The HSR Act requires filings to be made with the FTC and DOJ for certain mergers and acquisitions of assets, voting securities, and non-corporate interests that exceed specific monetary thresholds (currently $70.9 million). Patents and exclusive patent licenses have traditionally been considered “assets” under the HSR Act.
For years, the FTC permitted practitioners to use the “make, use, and sell” approach to determine the reportability of licenses. This meant the transfer of a patent license was reportable only if it involved the exclusive right to use a patent (or part of a patent) to develop a product, manufacture the product, and sell that product without restriction.
According to the FTC, pharmaceutical companies in recent years began transferring most but not all of the rights to “make, use, and sell” under a license, avoiding agency notification and review under the HSR Act. For example, under the “make, use, and sell” approach, if a licensor retained the right to manufacture patent-covered products for the licensee, the transaction would be non-reportable.
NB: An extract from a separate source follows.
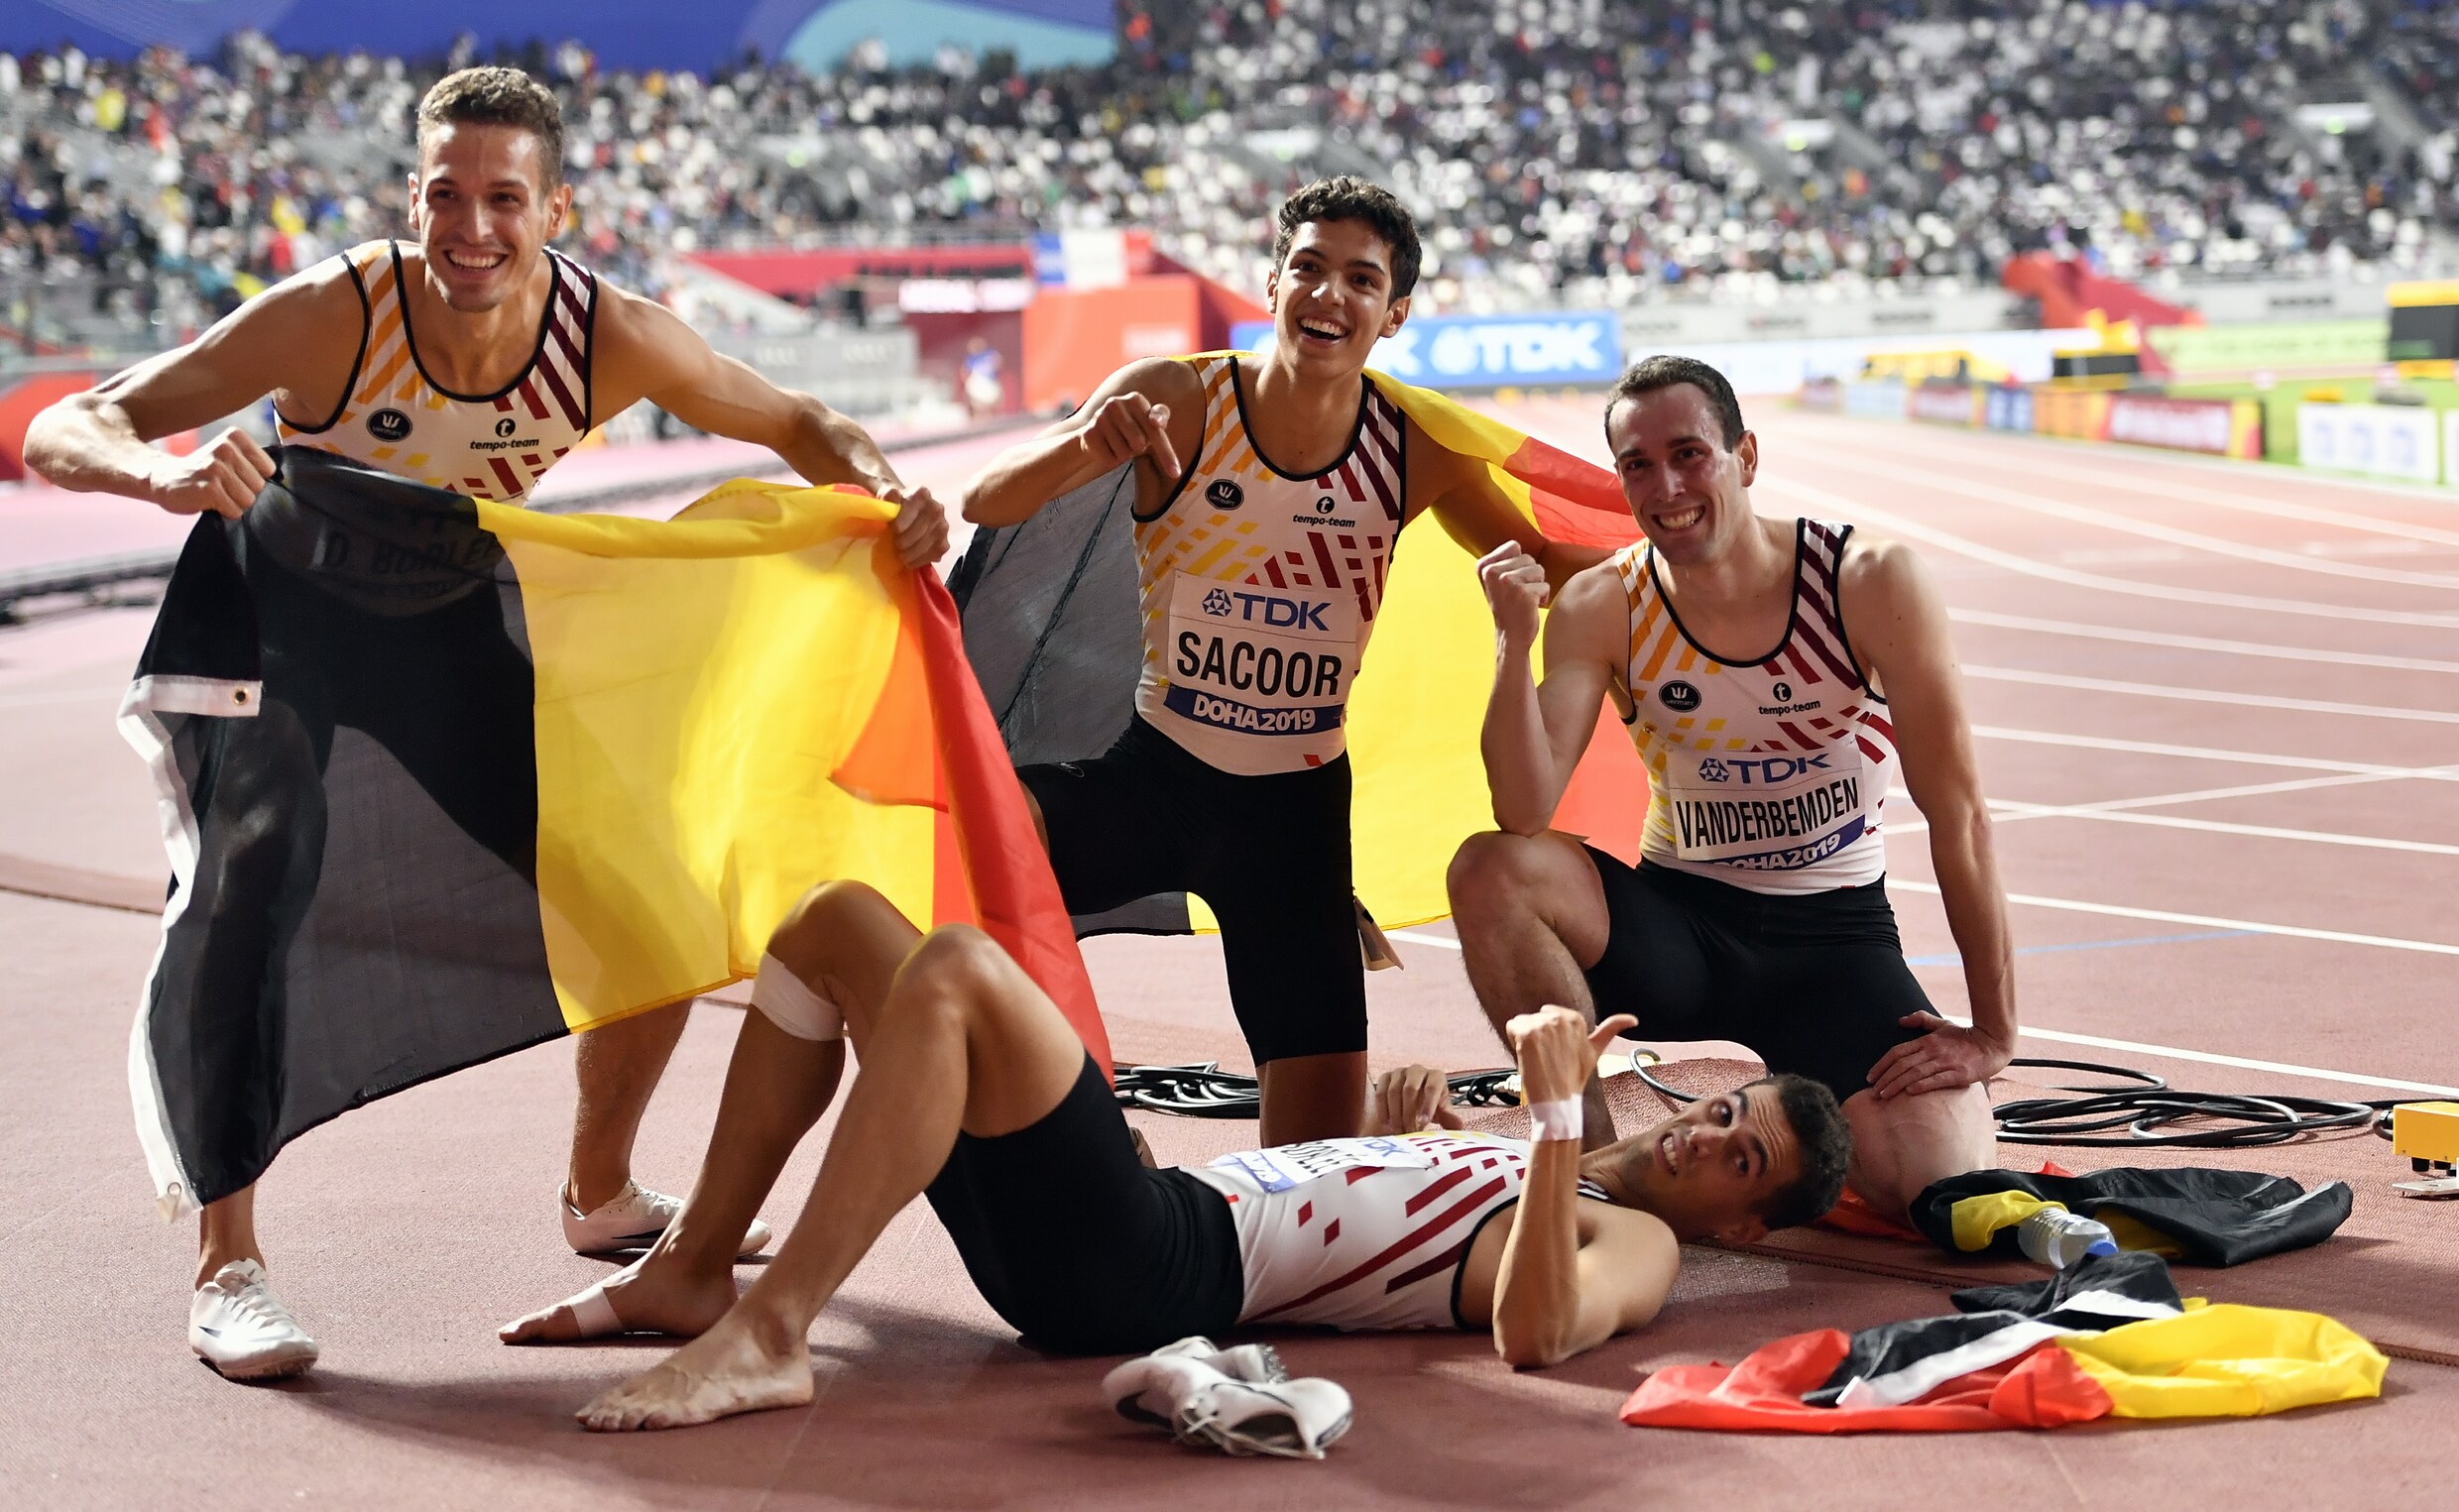 Brons voor Belgian Tornados op 4 x 400m in finale WK atletiek

The revised rules do away with the “make, use, and sell” approach, adopting the “all commercially significant rights” test. This test provides that the transfer of exclusive rights to a patent or a part of a patent in the pharmaceutical industry is a reportable asset transfer if it “allow[s] only the recipient of the exclusive patent rights to use the patent in a particular therapeutic area (or specific indication within a therapeutic area).”
In addition, the revised rules explain that a transfer of “all commercially significant rights” occurs even when the licensor retains certain “limited manufacturing rights” (e.g., rights to manufacture patent-covered products solely for the licensee) or “co-rights” (e.g., shared rights to co-develop, co-promote, co-market, and co-commercialize).
The FTC limits the revised rules to patents covering products whose manufacture and sale generate revenues in NAICS Industry Group 3254. This industry group includes medical and botanical manufacturing, pharmaceutical preparation manufacturing, in-vitro diagnostic substance manufacturing, and biological product (except diagnostic) manufacturing.
According to the FTC, it limited the revisions to the pharmaceutical industry because, among other reasons, the 66 premerger notifications involving exclusive patent licenses that the FTC received for the five-year period ending December 31, 2012, all related to pharmaceutical patents. Despite its reasoning, the revised rules may be seen as a part of the FTC’s increasing focus on the pharmaceutical industry.